In other words, the long-held principles both sides claimed to support, over which they fought two bloody wars to that point, gave way to political expediency. Cromwell and the New Model Army had power, and they were determined to keep it, which meant killing the king and what he represented. If it meant trampling a thousand years of tradition and the law itself, they were prepared to do it. The trial proceeded as if the Charles confessed his guilt, and he was soon executed.

The French Revolution gets all the attention when it comes the crisis of liberalism, but it is the English Civil War that presents the problem plainly. By what authority can a parliament rule over a people? The answer always given is the people, but by what authority do the people have to pick their rulers? Where is it written that the people are the moral arbiter of society? Modern people think the answer is obvious, but for most of human history people thought the opposite.

The reason we have that story about Cromwell looking out of the window of Westminster Hall and suddenly realizing his dilemma is because people at the time understood the power of authority. The king was just a man, but what he represented was earthly dominion over man. No one looked at the king as just a man because he was the final authority, the one man who was an exception to the law, while being the embodiment of the law. He was the sovereign.

It is why after Cromwell’s death, the monarchy was restored. Despite it all, Cromwell was never able to answer the question posed by Charles at his trial. The authority of Parliament is in the law, but the authority of the law is in the king. Without a king, those in control of Parliament were left with force as their authority. It is easy to see why Mao famously said that political power comes from the barrel of a gun. The question of authority has haunted the world since that famous trial.

We are getting a glimpse of this with the election of Trump. Fifty years ago, the managerial class staged a coup against Nixon. Like the Rump Parliament that deposed Charles I, they acted extrajudicially but claimed to be doing so in defense of the law, which is a contradiction that cannot be resolved. They rid themselves of the imperial presidency, reducing the office and the rest of the political structures to committees controlled by the managerial class.

Then as now, the central question in the crisis is who says? Much of what constitutes the crisis of the American empire is people shouting from screens, demanding you must do this or must stop doing that. Everywhere you turn is a digital preacher, waging her bony finger at you and lecturing about your sins. The Roundhead ascendency that began with Watergate climaxed with men in dresses calling normal people sinners, but always the question remained. Who says?

The restoration of Donald Trump is an answer of sorts. Whatever his faults, Trump is a man who commands attention and respect. When he enters a room, the room changes because he is larger than life. He persevered over the last four years of official persecution through force of will. He returns to Washington as the leader of the victorious side in the cold civil war that has gripped the country. He also returns with an agenda and a mandate to execute it.

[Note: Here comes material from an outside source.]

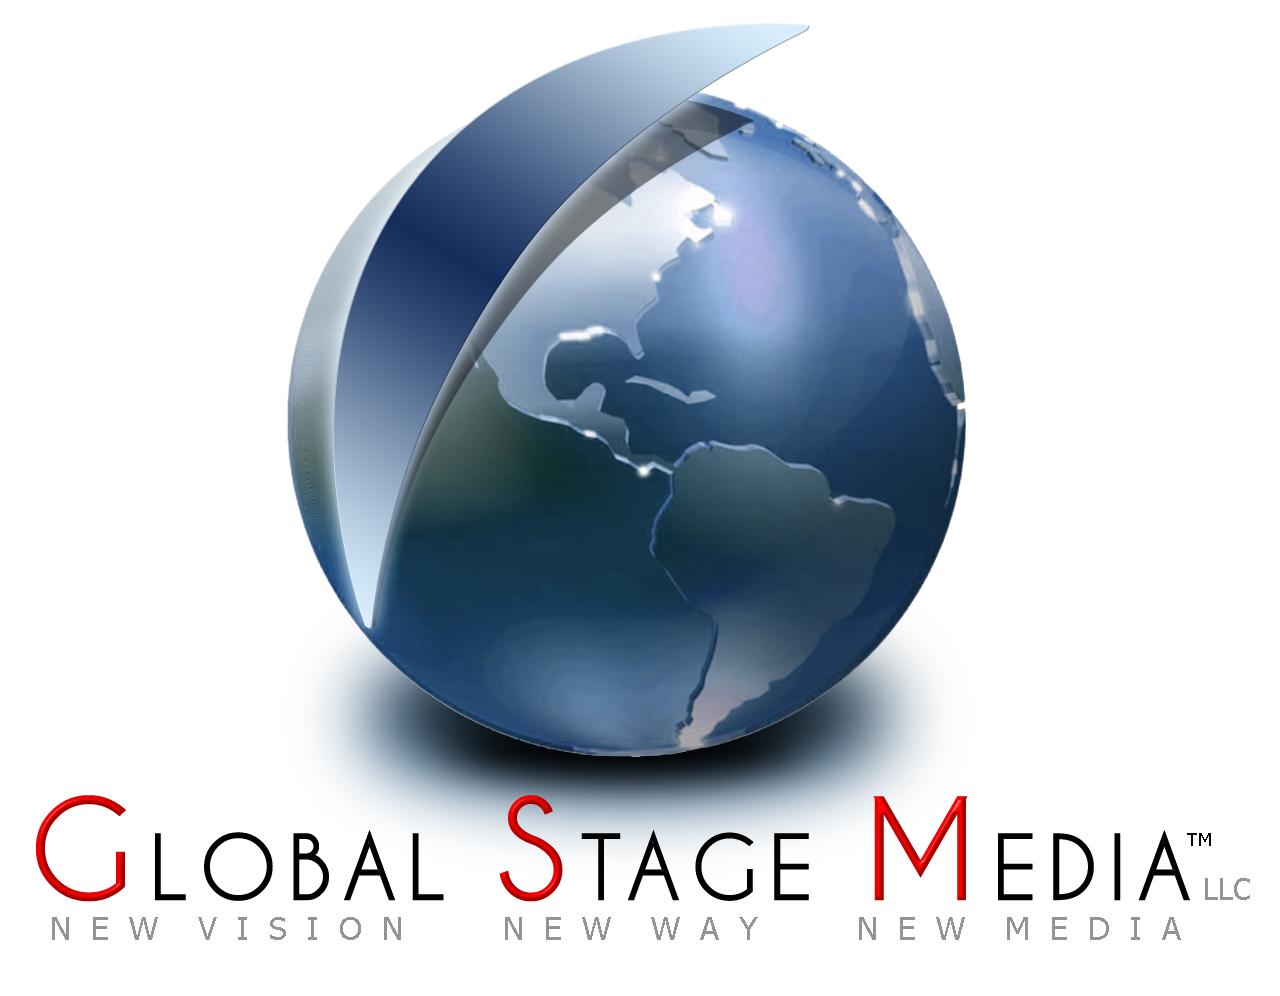 Global Stage Media, LLC
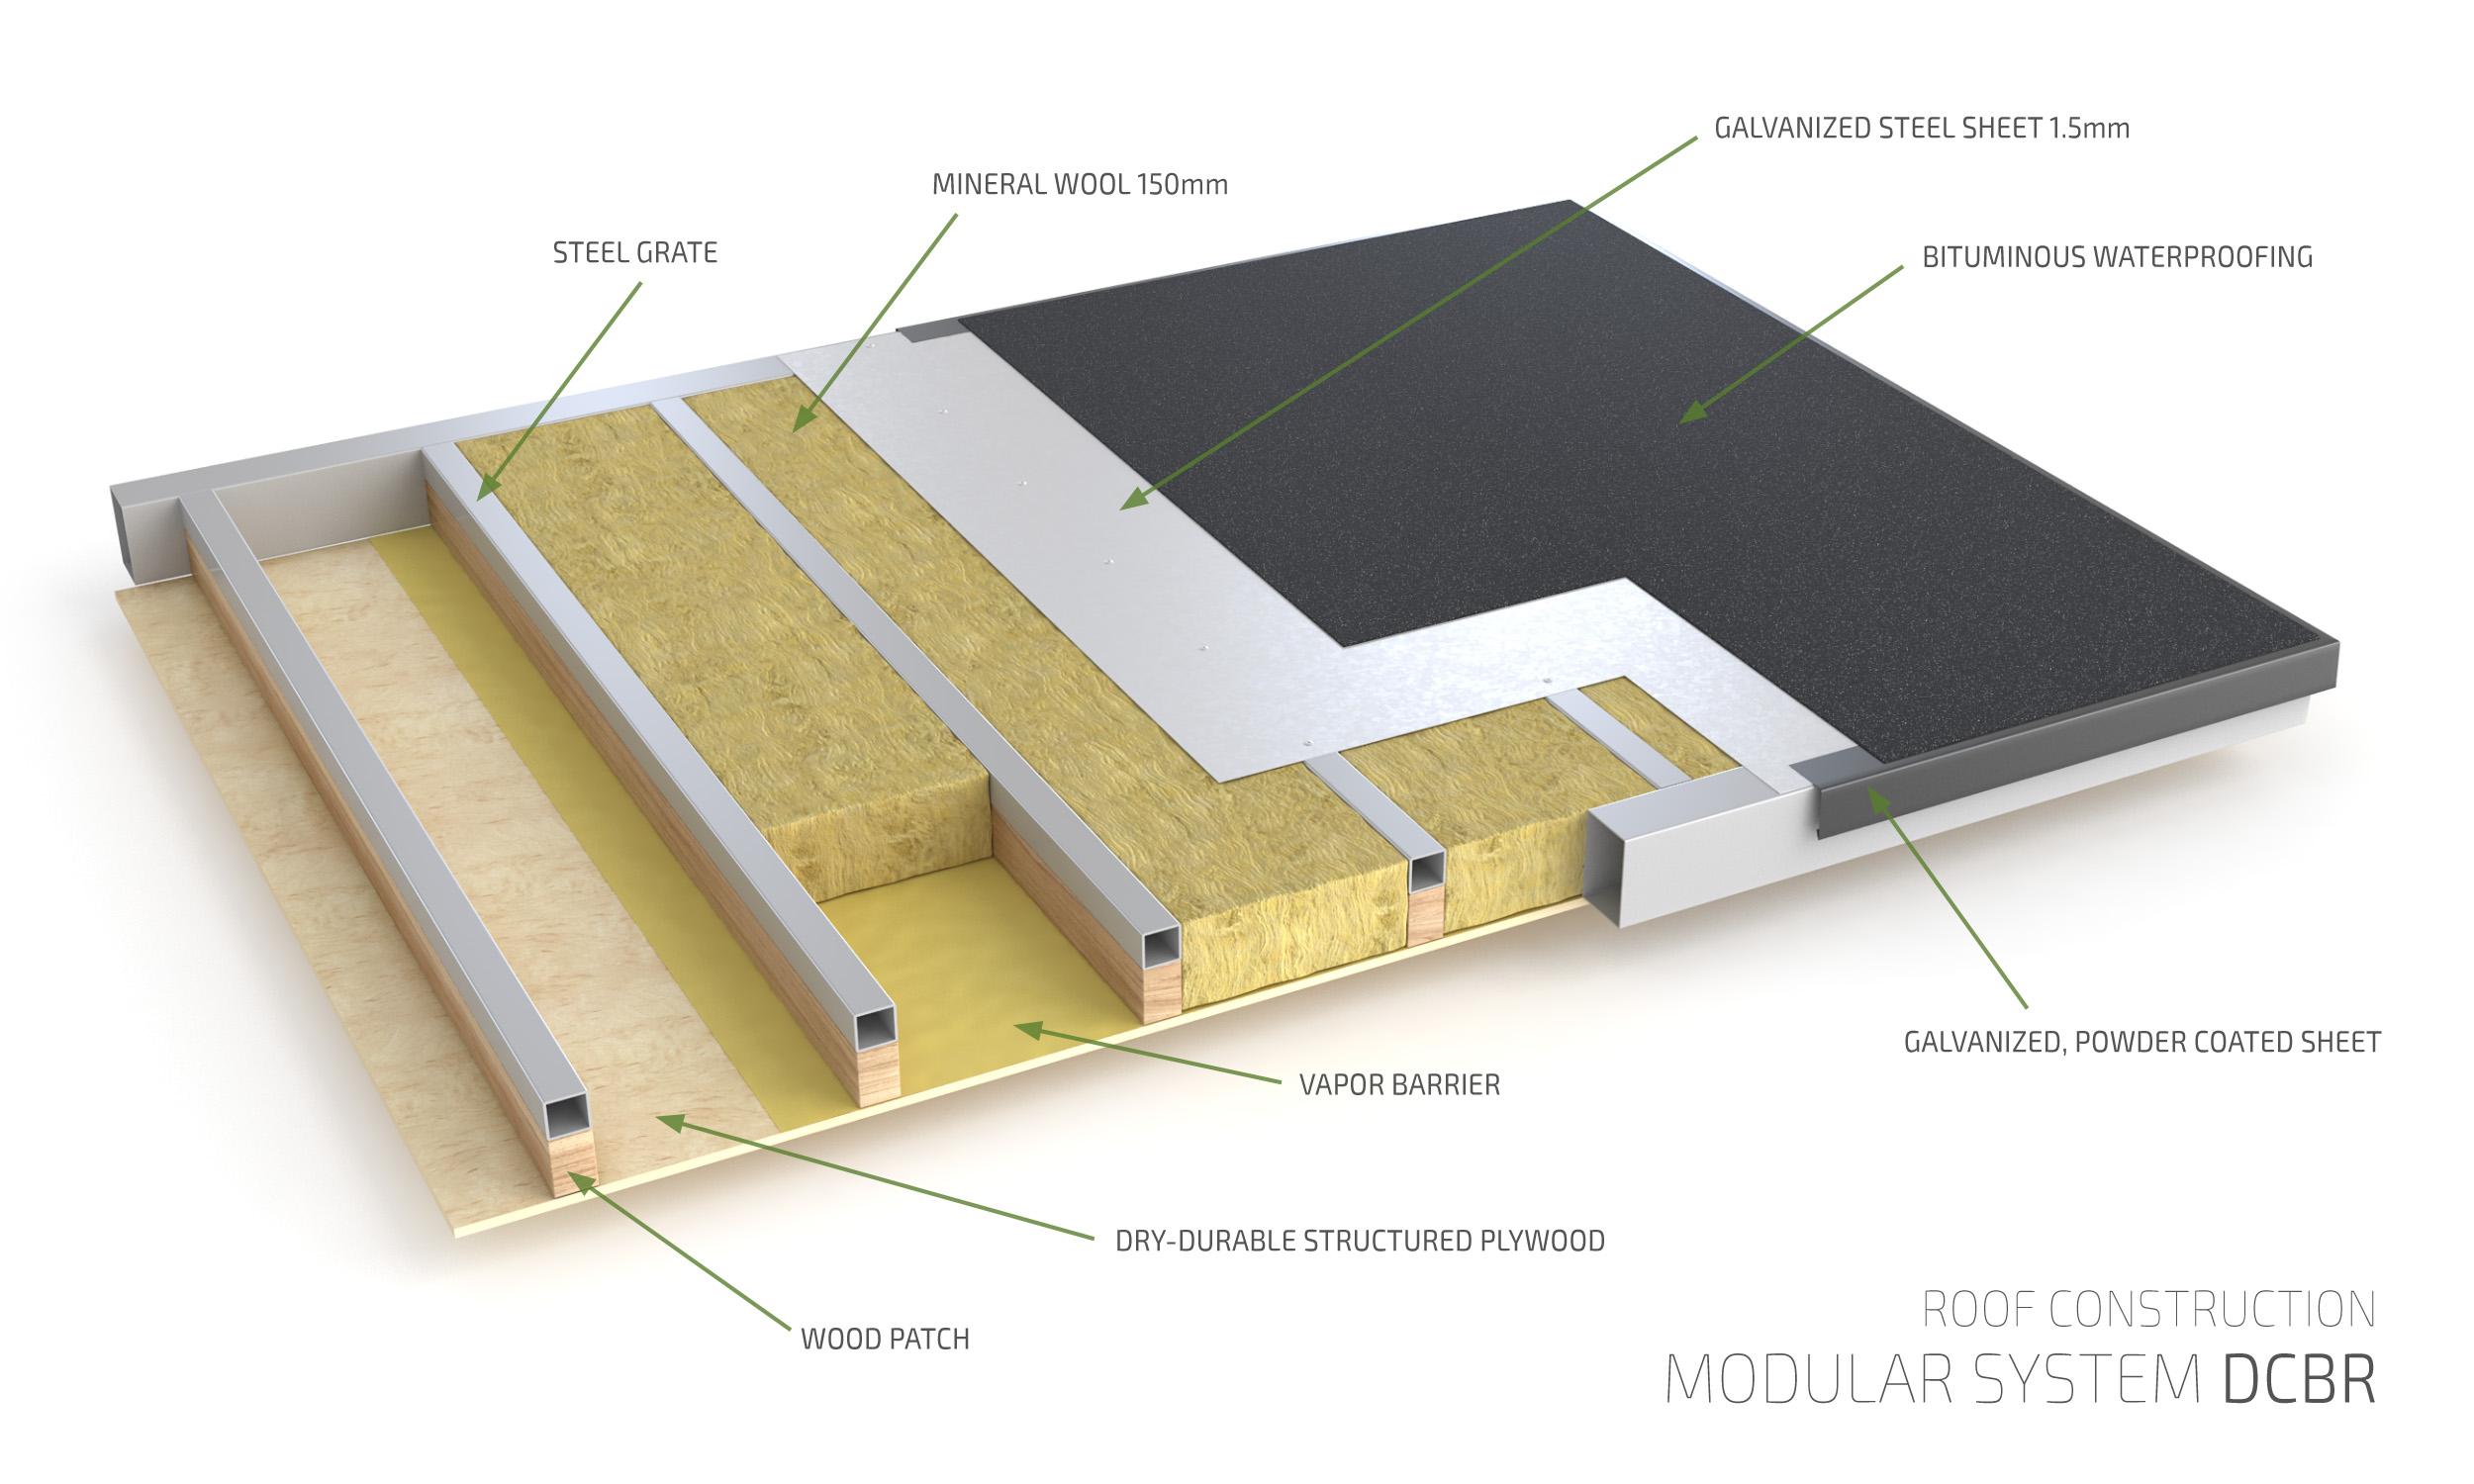 Roof Construction Modular System DCBR

None of this is to say that Trump is the monarch or our moral authority. The point of the comparison is that the executive exists to replicate that role in a democratic system that lacks a moral authority. Without energy in the executive, the president cannot play the role the system requires to function. The last fifty years has seen the rise of rule by committee, and no one builds monuments to committees. Just as Parliament needed the king, Washington needs Trump.

It still leaves open that question. Monarchy solved the problem by making the king the sovereign and the answer to who says? In America, Christianity was assumed to be the answer most of the time. The exceptions required a strong executive to make the hard decisions and force the legislature to act. First the melting away of Christianity then the toppling of the strong executive left us with rule by committee and the fanciful chants about democracy to answer the question of authority.

Trump will not reign forever, so the question will return. Perhaps the managerial elite sees the problem and supports the return of the imperial presidency as a solution to the internal contradictions of managerialism. Maybe the economic elite supports the strong executive as a proxy for their supremacy over the managerial class, much in the way the king was the leader of the aristocracy. Maybe Washington falls into chaos again, as managerialism reaches its end.

In the end, political systems rise and fall on the question of authority. The moral questions in every society are either answered by the gods or by the people though their traditions and customs. Centuries of experience in self-government says we simply cannot accept “because we say so” as an answer. You either have a strong executive with the power to impress or you have a shared religion that answers all the important moral questions. Managerialism has neither.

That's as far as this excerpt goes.